Цитата Джея Лондона

Я хотел заняться музыкой, поэтому отец купил мне тупой инструмент. Он сказал мне, чтобы я отключился. — © Джей Лондон
Я хотел заниматься музыкой, поэтому отец купил мне тупой инструмент. Он сказал мне, чтобы я нокаутировал себя.
Я купил свой первый бас, потому что хотел играть в группе, и слышал, что на нем проще всего играть. Друг сказал мне, что это самый сексуальный инструмент.
Последнее, что сказал мне отец, было: «Поднимись наверх, возьми меня наверх. Когда будешь спускаться, не подведи меня. Отец, говорящий своему сыну, возлагает некоторую ответственность на мои плечи. Он сказал мне это, и я отношусь к этому очень серьезно.
Как только я пришел в спорт, я сказал себе: «Я ухожу официально». Я хотел иметь возможность посмотреть в зеркало и сказать себе, что я был верен себе. Я хотел помочь младшим себе, когда был ребенком, дать им кого-то, на кого они могли бы равняться.
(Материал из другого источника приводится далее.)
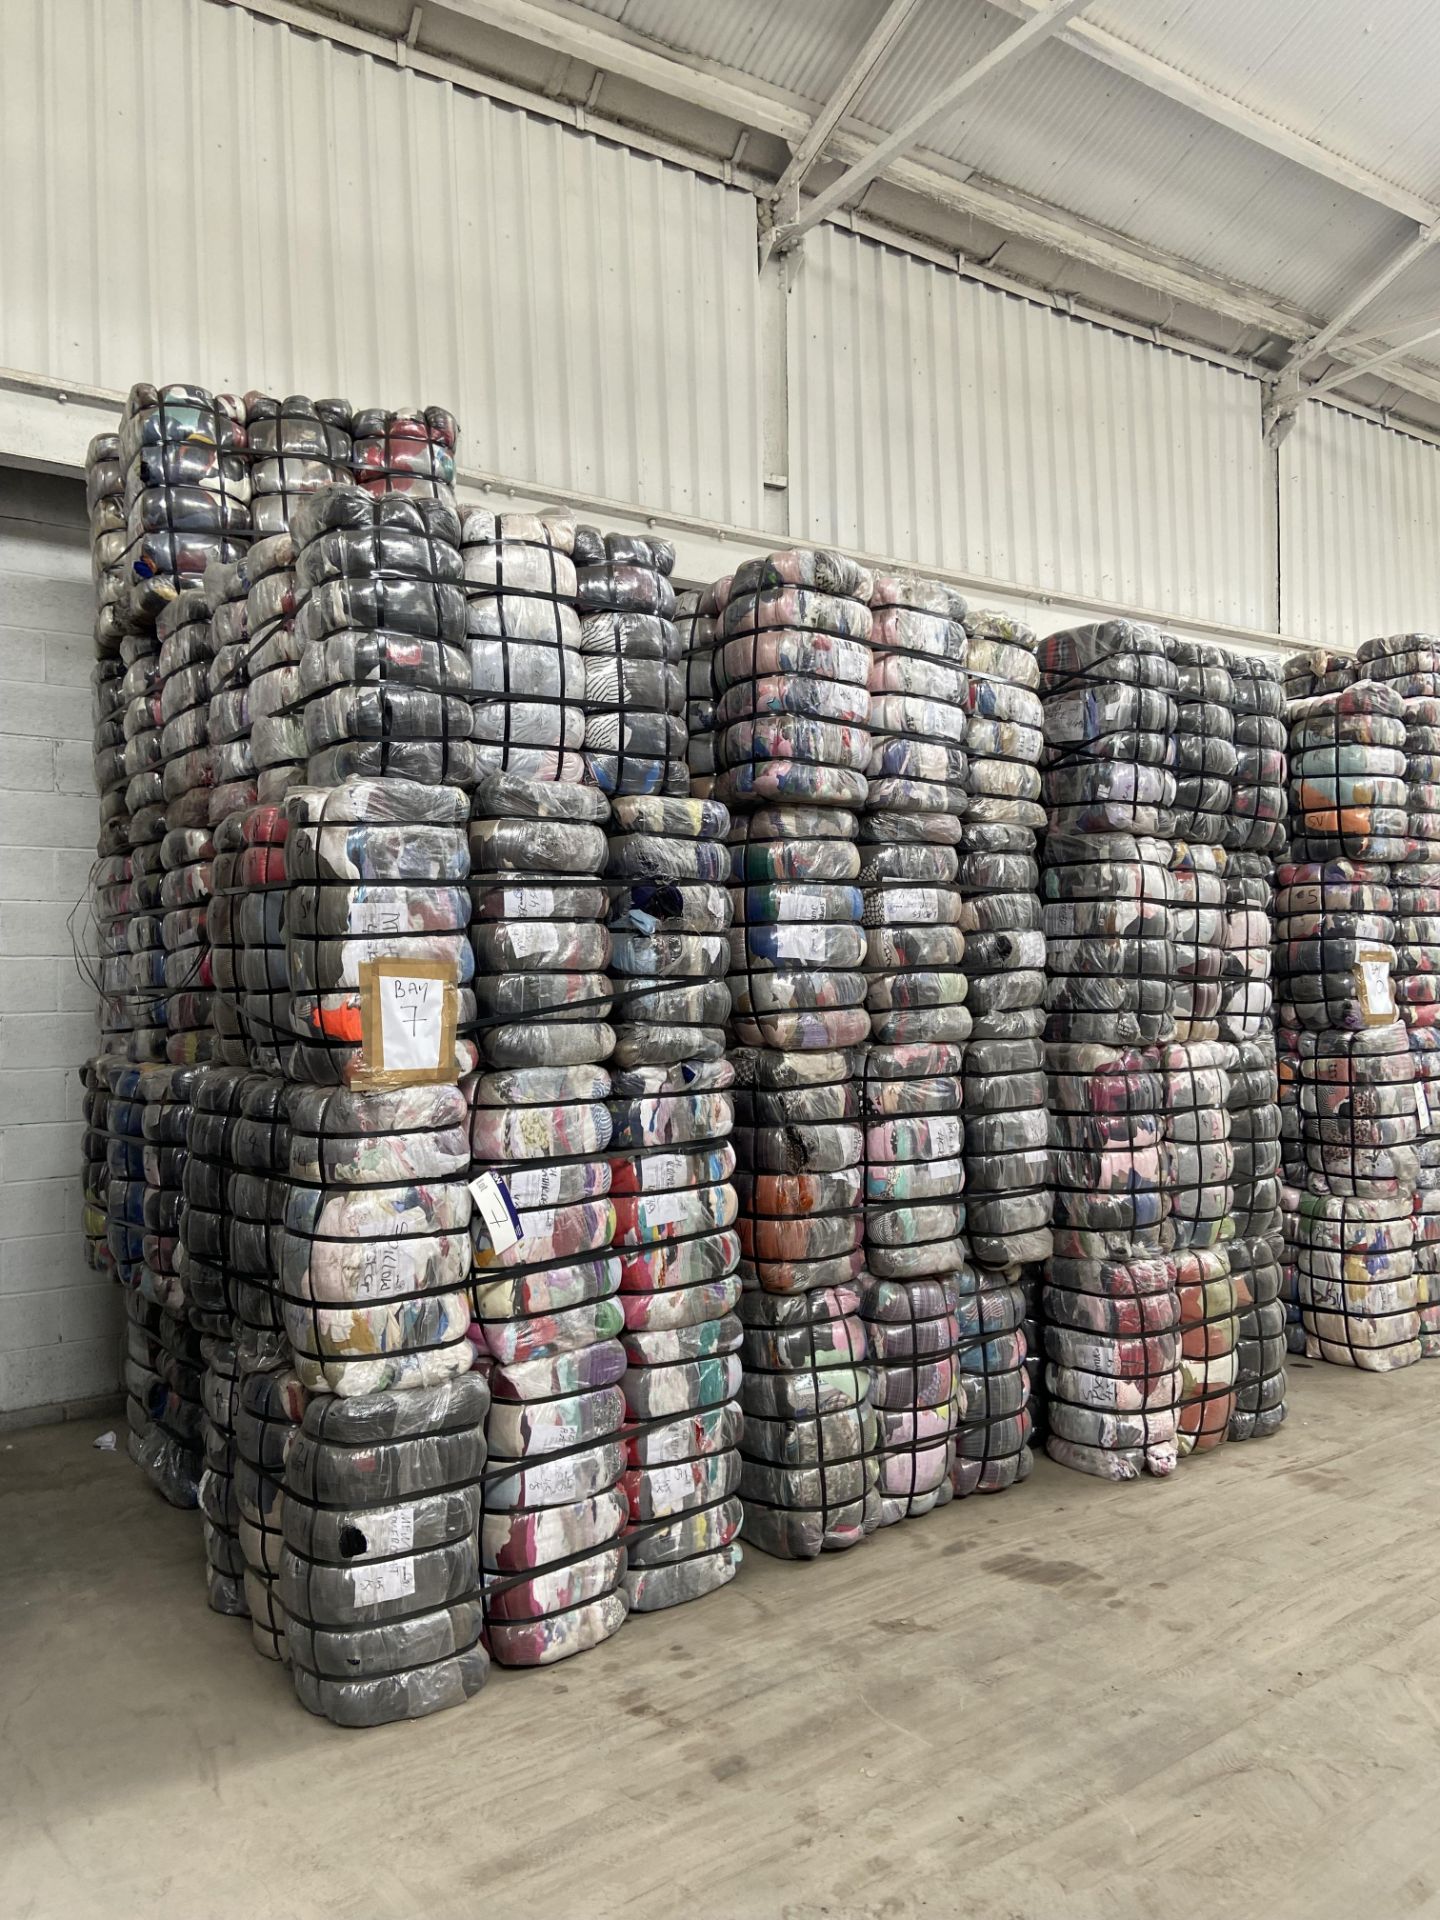 APPROX 216 BALES (9720KG) RECYCLABLE WASTE TEXTILES, understood to comprise: Five bales x 45kg Adult
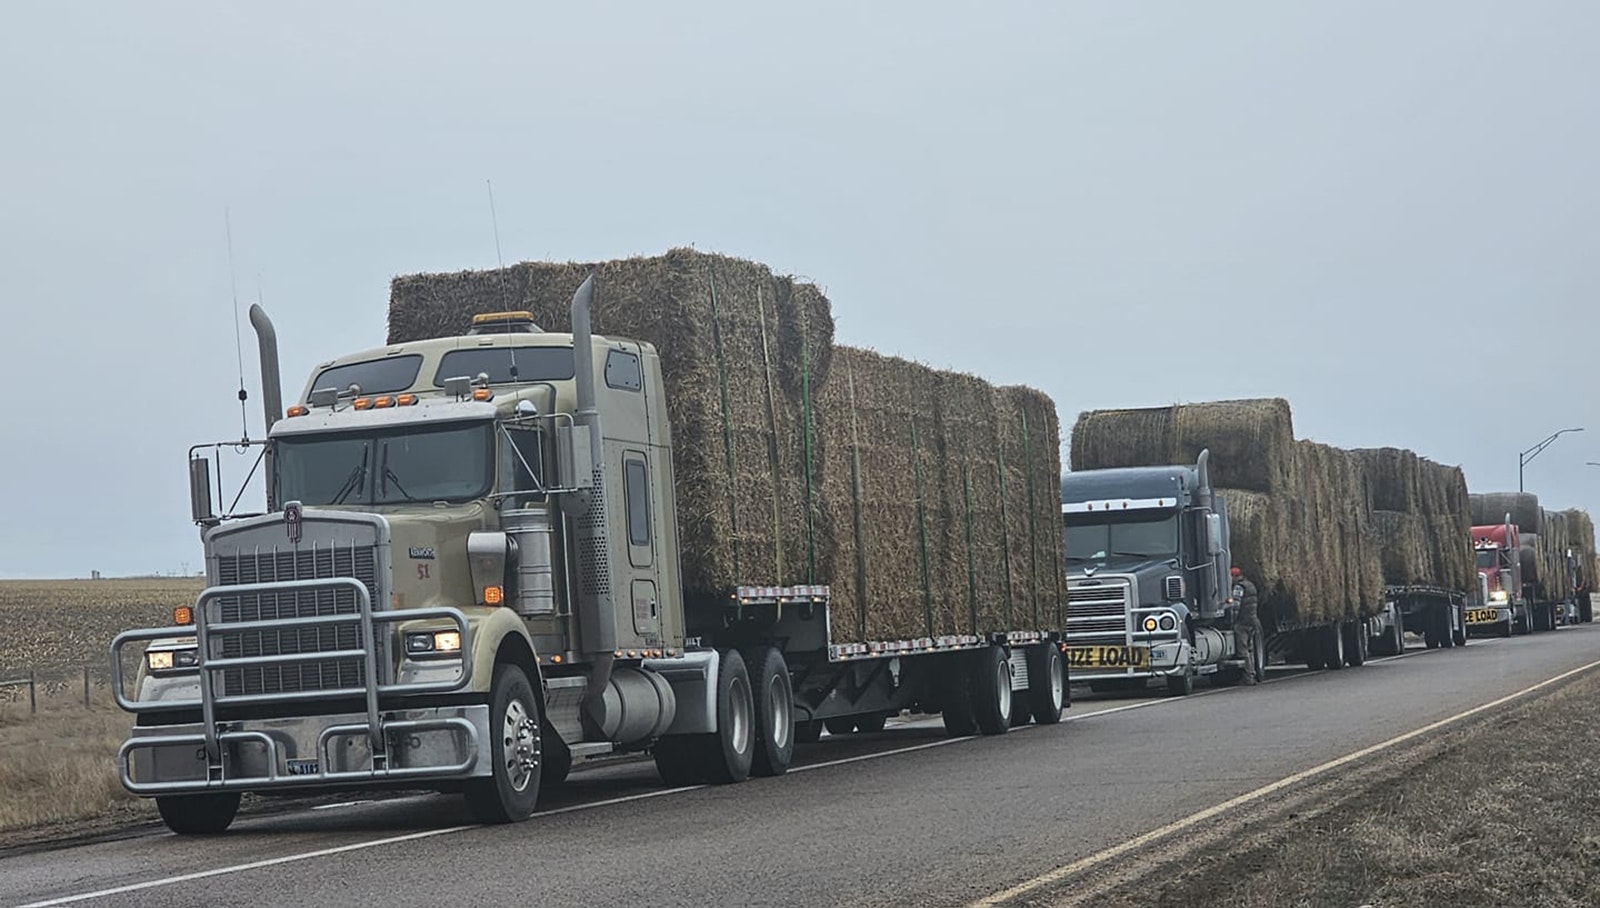 Stopping to check straps on hay bales headed to Texas from Wyoming.

Я и мой отец прошли через период войны, когда мы не разговаривали. Он хотел, чтобы я пошла в богословскую школу, а я не хотела. Я хотел заниматься музыкой. Я сказал ему, что являюсь служителем через музыку.
И я сказал вам: я думаю о фотографии, которую вы сделали со мной в Монреале. Ты сказал мне прыгнуть в воздух, так что на картинке мои ноги оторваны от земли. Позже я спросил тебя, почему ты хотел, чтобы я это сделал, и ты сказал мне, что это единственный способ заставить меня забыть о выражении моего лица. Ты был прав. Я совершенно невозмутим, полностью подлинный. В своем воображении я представляю себя таким, реагирующим на тебя.
Моей целью было играть на барабанах, но отец заставлял меня брать уроки игры на фортепиано. Он сказал мне, что сначала мне нужно научиться читать ноты, поэтому я брал уроки шесть лет. Я благодарю Бога за то, что он заставил меня брать эти уроки, потому что они многому меня научили.
Я купил все книги, но, наверное, в первый же день понял, что юридическая школа не для меня. Я не сдавался до десяти дней. Я не думаю, что действительно сказал своему отцу. Мне очень не нравилось, когда мой отец знал, что мои дела не увенчались успехом.
Я до сих пор помню, как отец будил меня в 4 утра и заставлял заниматься. Он также брал меня на прогулку, а потом всегда отвозил в школу. Я был очень дисциплинирован, так как мой отец привил мне эти ценности. Теперь, когда моего отца больше нет, я понимаю, что ты не должен воспринимать своих родителей как должное.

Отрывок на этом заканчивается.